- [DATA LISTING]
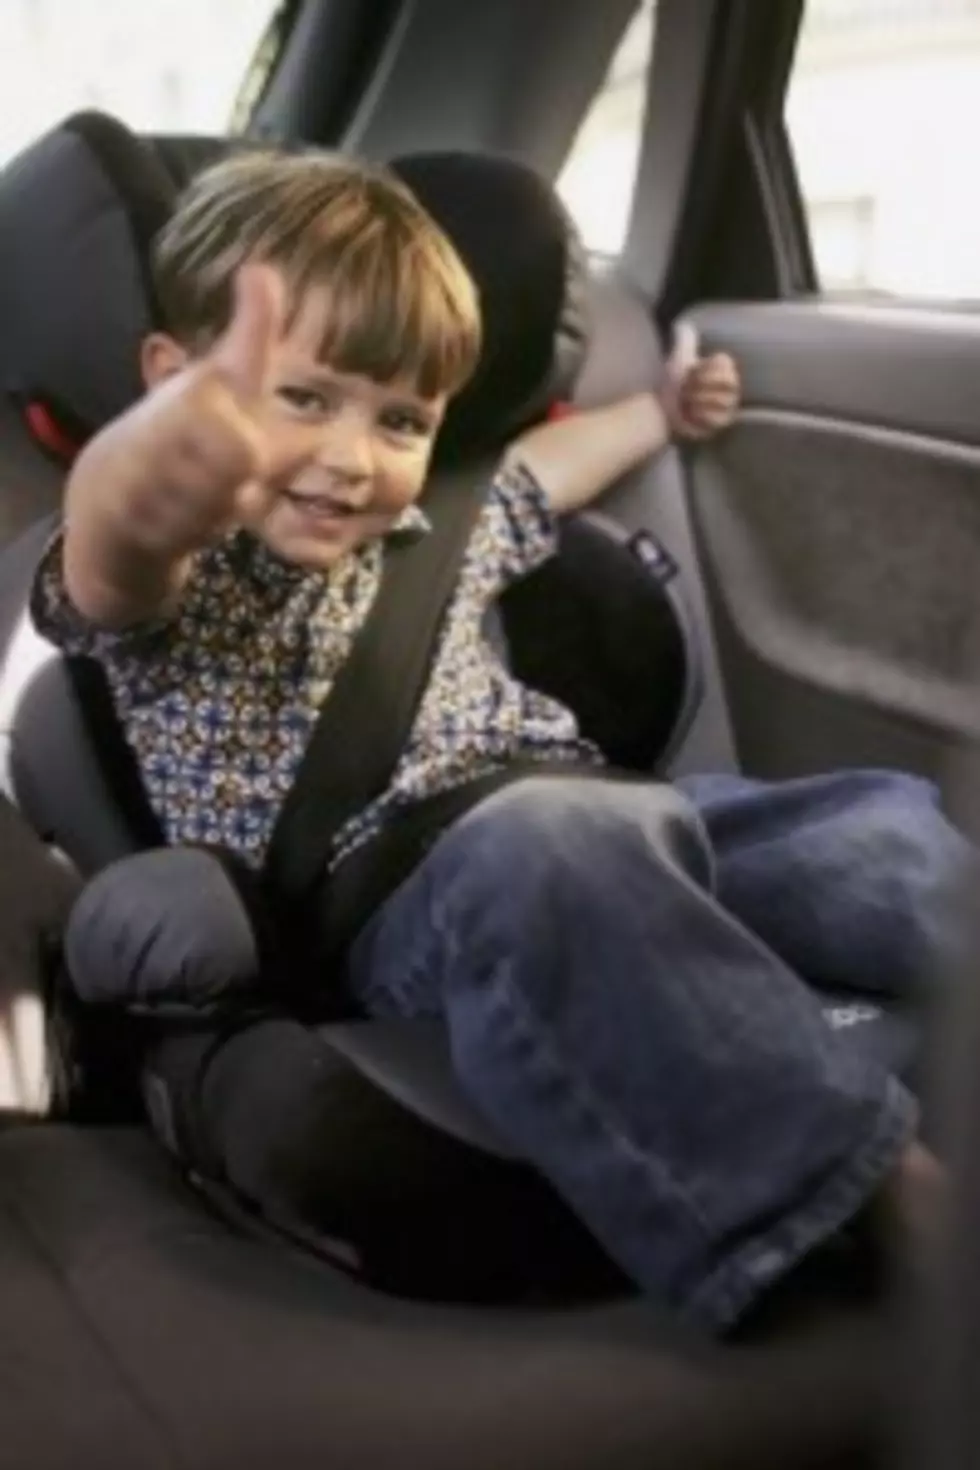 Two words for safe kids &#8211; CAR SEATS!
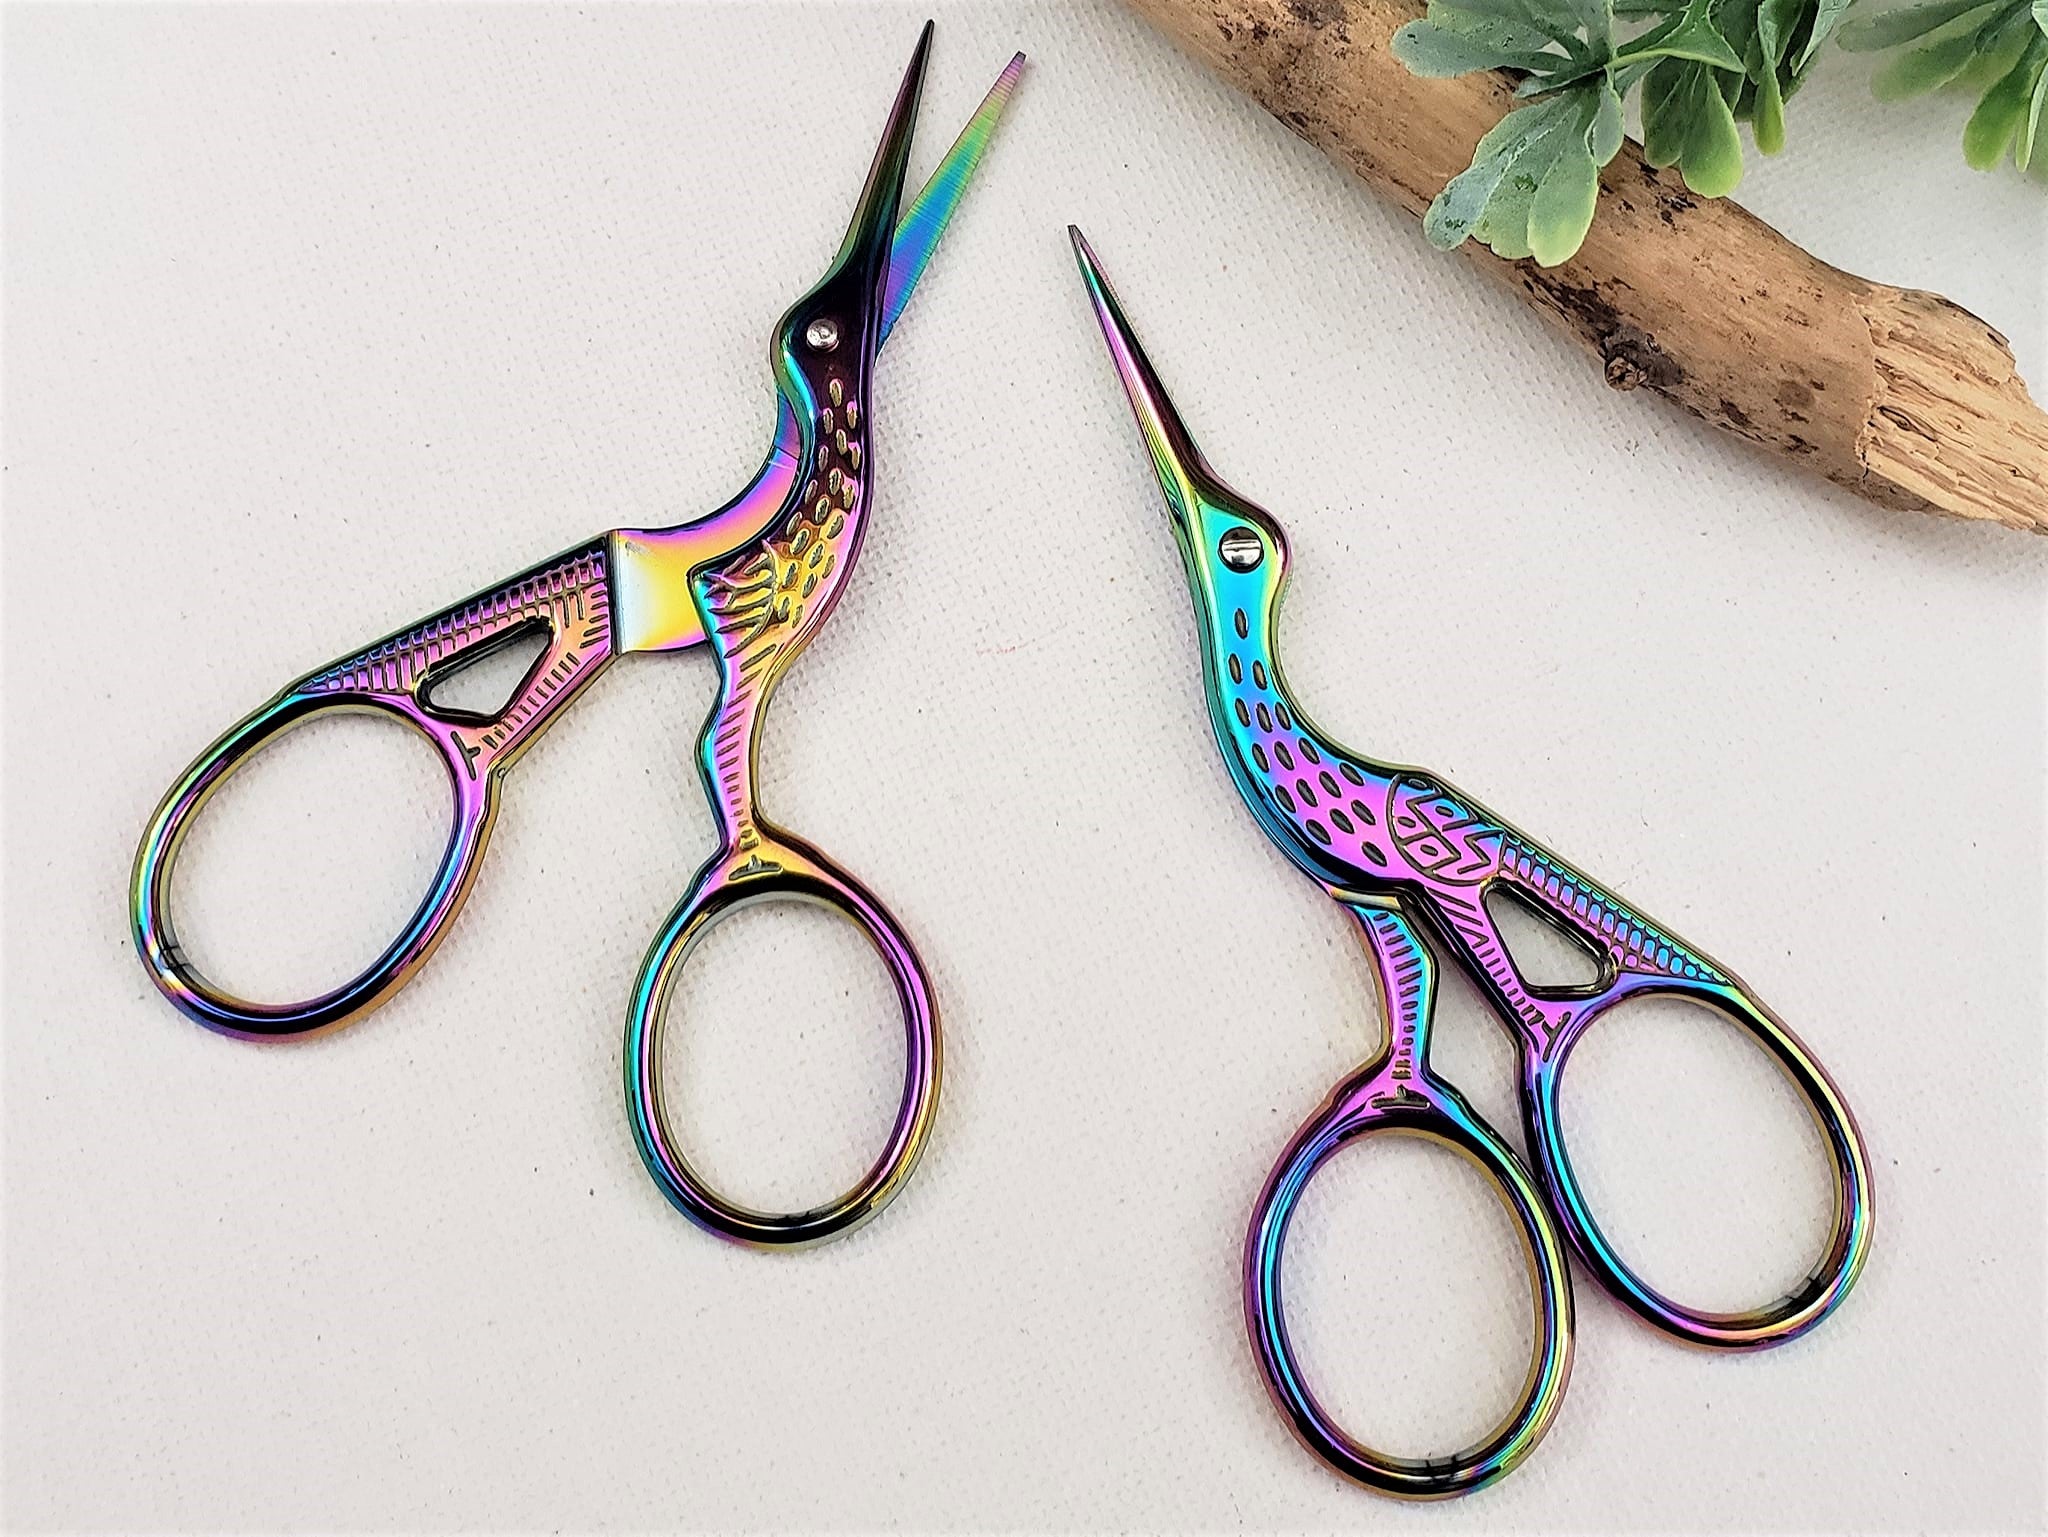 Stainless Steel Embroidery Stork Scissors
--
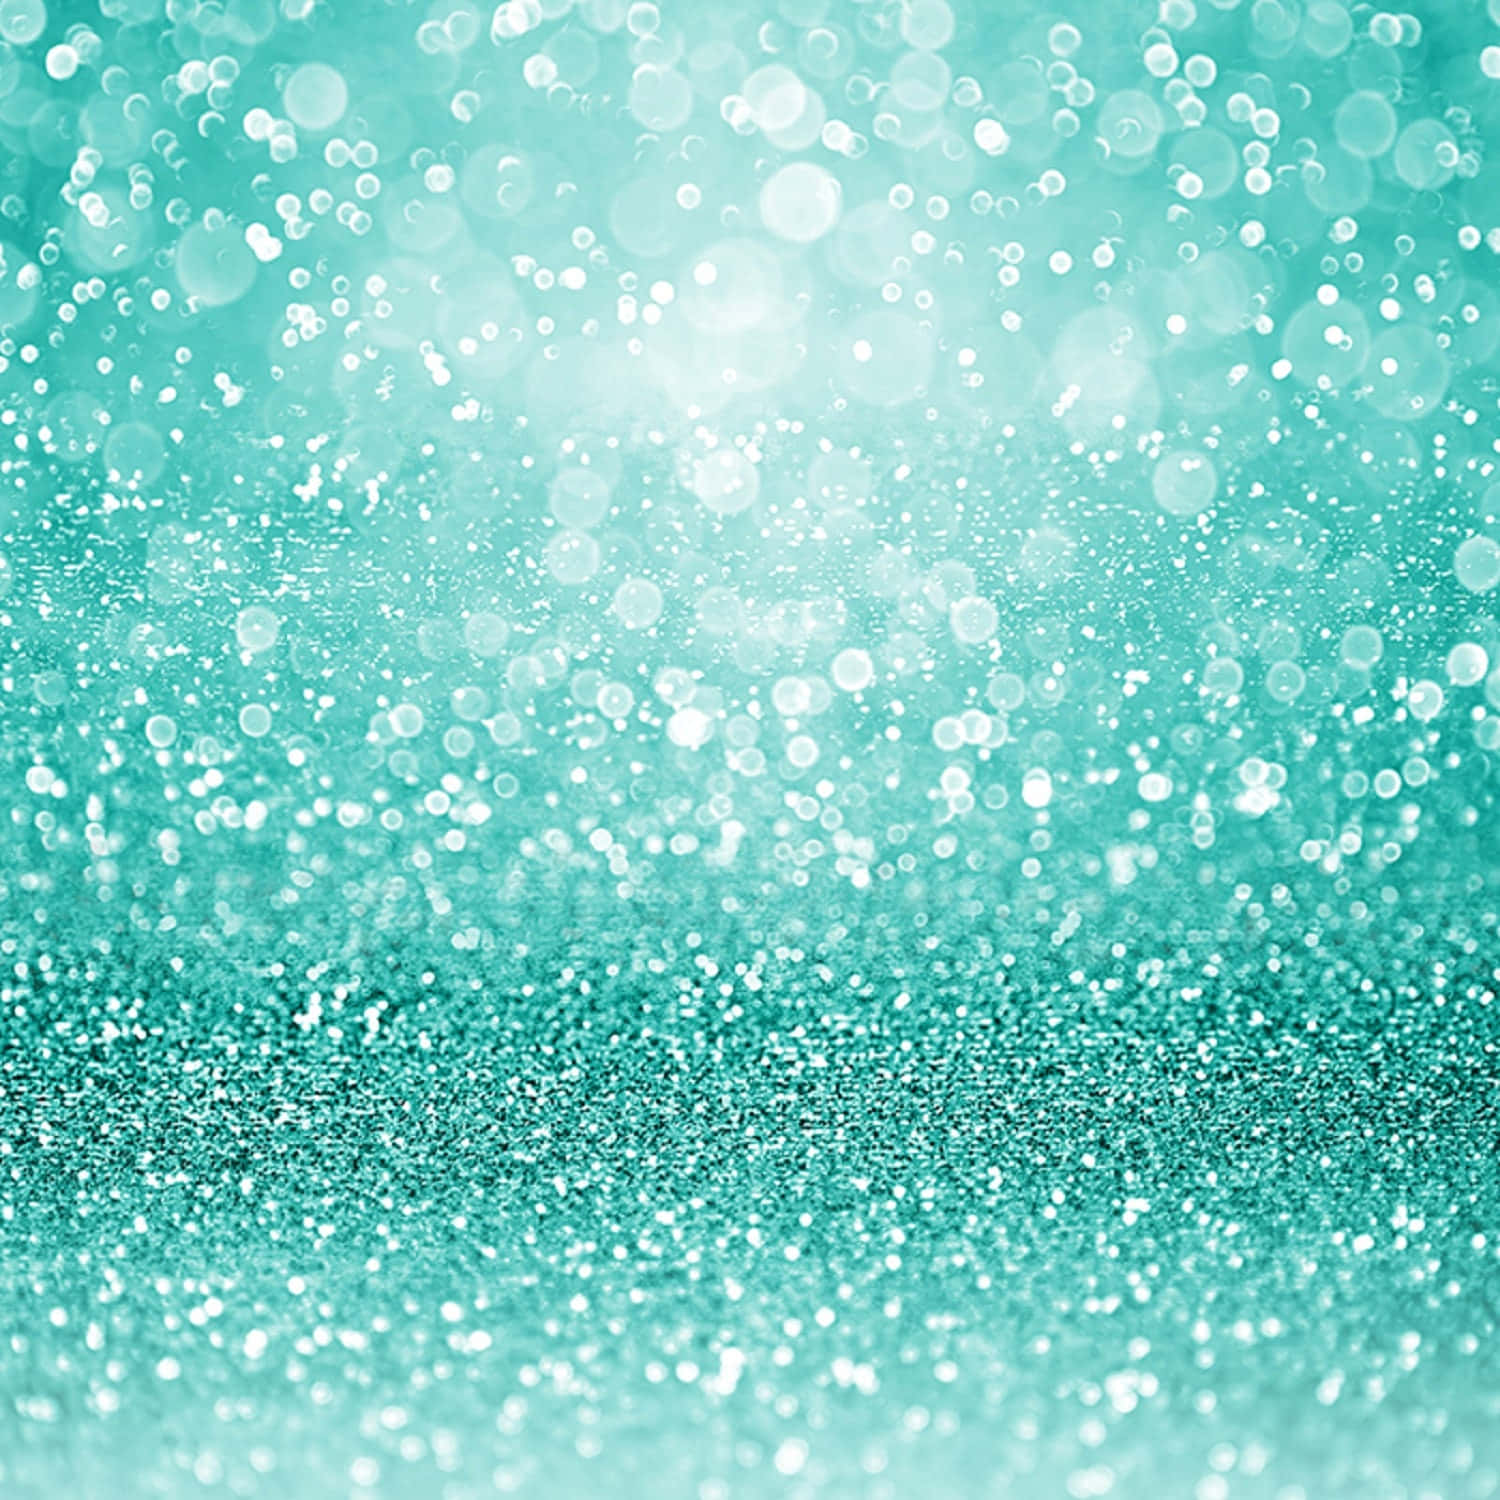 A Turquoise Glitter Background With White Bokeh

- [TASK TO CARRY OUT] All pictures are to be skipped. Output, word for word, the lines in the data above starting at the line containing "Two words for safe kids &#8211; CAR SEATS!" and ending at the line containing "Stainless Steel Embroidery Stork Scissors".

- [RESPONSE TO THE EXERCISE]
 Two words for safe kids &#8211; CAR SEATS!
 Stainless Steel Embroidery Stork Scissors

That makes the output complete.